There are several possible ways in which one can try to generalize Ramsey’s theorem to larger cardinalities. We will discuss some of these generalizations in upcoming lectures. For now, let’s highlight some obstacles.

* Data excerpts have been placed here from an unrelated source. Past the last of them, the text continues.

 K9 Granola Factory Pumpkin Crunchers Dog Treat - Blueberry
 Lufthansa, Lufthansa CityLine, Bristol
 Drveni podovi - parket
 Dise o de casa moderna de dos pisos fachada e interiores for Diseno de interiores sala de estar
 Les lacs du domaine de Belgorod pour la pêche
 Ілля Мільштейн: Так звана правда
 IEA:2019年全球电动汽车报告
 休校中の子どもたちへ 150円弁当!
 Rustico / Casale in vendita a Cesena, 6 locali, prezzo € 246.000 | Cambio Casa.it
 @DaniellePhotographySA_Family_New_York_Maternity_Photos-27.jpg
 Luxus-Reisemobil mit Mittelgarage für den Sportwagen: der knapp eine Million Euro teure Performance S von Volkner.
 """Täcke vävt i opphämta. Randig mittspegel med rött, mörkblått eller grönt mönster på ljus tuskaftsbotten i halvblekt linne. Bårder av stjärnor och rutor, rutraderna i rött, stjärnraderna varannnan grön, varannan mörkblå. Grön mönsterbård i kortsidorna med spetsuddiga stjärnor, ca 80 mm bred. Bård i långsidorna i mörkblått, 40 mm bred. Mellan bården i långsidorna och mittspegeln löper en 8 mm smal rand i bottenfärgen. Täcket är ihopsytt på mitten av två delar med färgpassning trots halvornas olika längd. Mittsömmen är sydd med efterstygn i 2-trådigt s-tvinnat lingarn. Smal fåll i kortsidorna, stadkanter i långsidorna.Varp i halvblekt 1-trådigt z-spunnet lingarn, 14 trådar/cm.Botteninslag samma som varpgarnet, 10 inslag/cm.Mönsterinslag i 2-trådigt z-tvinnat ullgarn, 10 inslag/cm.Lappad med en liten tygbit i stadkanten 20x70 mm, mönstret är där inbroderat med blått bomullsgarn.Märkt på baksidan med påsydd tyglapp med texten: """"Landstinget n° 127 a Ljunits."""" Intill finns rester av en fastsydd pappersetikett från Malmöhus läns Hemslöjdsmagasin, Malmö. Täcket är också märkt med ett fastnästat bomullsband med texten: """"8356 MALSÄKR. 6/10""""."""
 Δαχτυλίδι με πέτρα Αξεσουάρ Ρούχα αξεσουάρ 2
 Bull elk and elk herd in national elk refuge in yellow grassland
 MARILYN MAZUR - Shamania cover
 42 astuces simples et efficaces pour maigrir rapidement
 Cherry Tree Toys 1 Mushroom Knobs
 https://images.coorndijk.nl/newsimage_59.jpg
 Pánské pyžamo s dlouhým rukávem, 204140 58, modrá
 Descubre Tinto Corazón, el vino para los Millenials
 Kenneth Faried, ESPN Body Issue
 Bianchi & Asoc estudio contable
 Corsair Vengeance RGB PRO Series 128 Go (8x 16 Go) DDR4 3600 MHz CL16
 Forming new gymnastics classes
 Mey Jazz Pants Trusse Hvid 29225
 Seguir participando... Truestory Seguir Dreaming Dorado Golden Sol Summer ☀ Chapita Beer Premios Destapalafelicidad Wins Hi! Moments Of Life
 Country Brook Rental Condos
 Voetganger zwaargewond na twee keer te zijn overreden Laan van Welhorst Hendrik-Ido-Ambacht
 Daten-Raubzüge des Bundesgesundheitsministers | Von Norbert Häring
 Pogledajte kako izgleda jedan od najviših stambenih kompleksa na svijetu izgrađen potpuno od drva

Theorem 1 (${\mbox{\bf Erd\H os}}$-Kakutani) ${\omega_1\not\rightarrow(3)^2_\omega.}$ In fact, ${2^\kappa\not\rightarrow(3)^2_\kappa.}$

Proof: Let ${S={}^\kappa\{0,1\}.}$ Let ${F:[S]^2\rightarrow\kappa}$ be given by

$\displaystyle F(\{f,g\})=\mbox{least }\alpha<\kappa\mbox{ such that }f(\alpha)\ne g(\alpha).$

Then, if ${f,g,h}$ are distinct, it is impossible that ${F(\{f,g\})=F(\{f,h\})=F(\{g,h\}).}$ $\Box$

Theorem 2 (Sierpiński) ${\omega_1\not\rightarrow(\omega_1)^2.}$ In fact, ${2^\kappa\not\rightarrow(\kappa^+)^2.}$

Proof: With ${S}$ as above, let ${F:[S]^2\rightarrow2}$ be given as follows: Let ${<}$ be a well-ordering of ${S}$ in order type ${2^\kappa.}$ Let ${<_{lex}}$ be the lexicographic ordering on ${S.}$ Set

$\displaystyle F(\{f,g\})=1\mbox{ iff }<_{lex}\mbox{ and }<\mbox{ coincide on }\{f,g\}.$

Lemma 3 There is no ${<_{lex}}$-increasing or decreasing ${\kappa^+}$-sequence of elements of ${S.}$

Proof: Let ${W=\{f_\alpha\colon\alpha<\kappa^+\}}$ be a counterexample. Let ${\gamma\le\kappa}$ be least such that ${\{f_\alpha\upharpoonright\gamma\colon\alpha<\kappa^+\}}$ has size ${\kappa^+,}$ and let ${Z\in[W]^{\kappa^+}}$ be such that if ${f,g\in Z}$ then ${f\upharpoonright\gamma\ne g\upharpoonright\gamma.}$ To simplify notation, we will identify ${Z}$ and ${W.}$ For ${\alpha<\kappa^+}$ let ${\xi_\alpha<\gamma}$ be such that ${f_\alpha\upharpoonright\xi_\alpha=f_{\alpha+1} \upharpoonright\xi_\alpha}$ but ${f_\alpha(\xi_\alpha)=1-f_{\alpha+1}(\xi_\alpha).}$ By regularity of ${\kappa^+,}$ there is ${\xi<\gamma}$ such that ${\xi=\xi_\alpha}$ for ${\kappa^+}$ many ${\alpha.}$

But if ${\xi=\xi_\alpha=\xi_\beta}$ and ${f_\alpha\upharpoonright\xi=f_\beta\upharpoonright\xi,}$ then ${f_\beta<_{lex} f_{\alpha+1}}$ iff ${f_\alpha<_{lex} f_{\beta+1},}$ so ${f_\alpha=f_\beta.}$ It follows that ${\{f_\alpha\upharpoonright\xi\colon\alpha<\kappa^+\}}$ has size ${\kappa^+,}$ contradicting the minimality of ${\gamma.}$ $\Box$

The lemma implies the result: If ${H\subseteq S}$ has size ${\kappa^+}$ and is ${F}$-homogeneous, then ${H}$ contradicts Lemma 3. $\Box$

Now I want to present some significant strengthenings of the results above. The results from last lecture exploit the fact that a great deal of coding can be carried out with infinitely many coordinates. Perhaps surprisingly, strong anti-Ramsey results are possible, even if we restrict ourselves to colorings of pairs.